13.Given that you have one string of length N and M small strings of length L . How do you efficiently find the occurrence of each small string in the larger one ?
Solution:This solution has been framed on the assumption that all the occurances of a string in the large string of length N are to be reported.
So one can just sort the M strings in O(l*Mlog(M)).An additional l figures because comparison function of strings of length l is of complexity O(l).
Once these M strings are sorted,we can simply do a binary search on them for each of the N-l+1 continuous substrings of big string.The complexity of this search for each such substring is O(l*logM).
So the complexity of this procedure is O(l*MlogM)+O((N-l+1)*(l*logM)).
For N>>l this reduces to O(l*MlogM)+O(N*l*log(M).
This can be reduced to O((M+N)*l*log(M)).
If you find a better solution than this,please post it in the comments section.

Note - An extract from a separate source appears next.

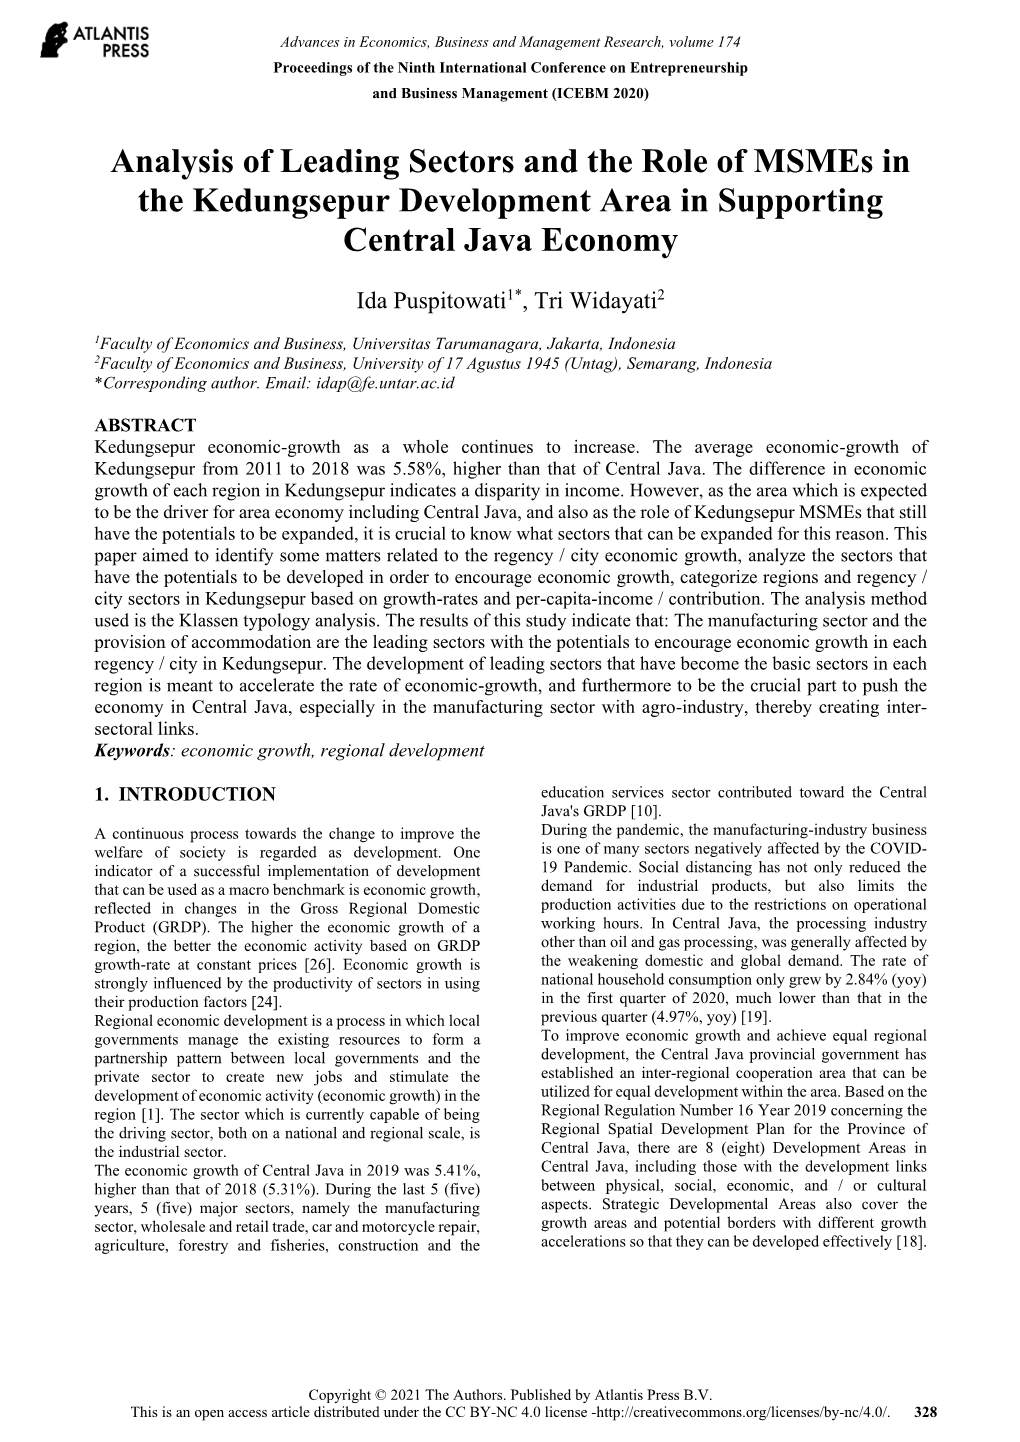 Analysis of Leading Sectors and the Role of Msmes in the Kedungsepur Development Area in Supporting Central Java Economy

14.Given a Binary Tree, Programmatically you need to Prove it is a Binary Search Tree
Hint: Some kind of pointer handling with In Order Traversal - anybody in for
writing some code.
Solution:If the given binary tree is a Binary search tree,then the inorder traversal should output the elements in increasing order.We make use of this property of inorder traversal to check whether the given binary tree is a BST or not.We make note of the latest element that could have been printed and compare it with the current element.Given below is a C function to check it.
bool flag=true;
void inorder(tree T,int *lastprinted)
{
if(T==NULL)
{
printf("the tree is empty .Hence, it is a BST\n");
}
else
{
if(T->left!=NULL)
{
inorder(T->left,lastprinted);
}
if(T->data > *lastprinted)
{
*lastprinted=T->data;
}
else
{
printf("the given binary tree is not a BST\n");
flag=false;
exit(0);
}
inorder(T->right,lastprinted);
}
}
Now check the value of flag to say whether it is a BST or not.If it is not then it is already taken care by the code.
15.You are given a small sorted list of numbers, and a very very long sorted list of numbers - so long that it had to be put on a disk in different blocks. How would you find those short list numbers in the bigger one?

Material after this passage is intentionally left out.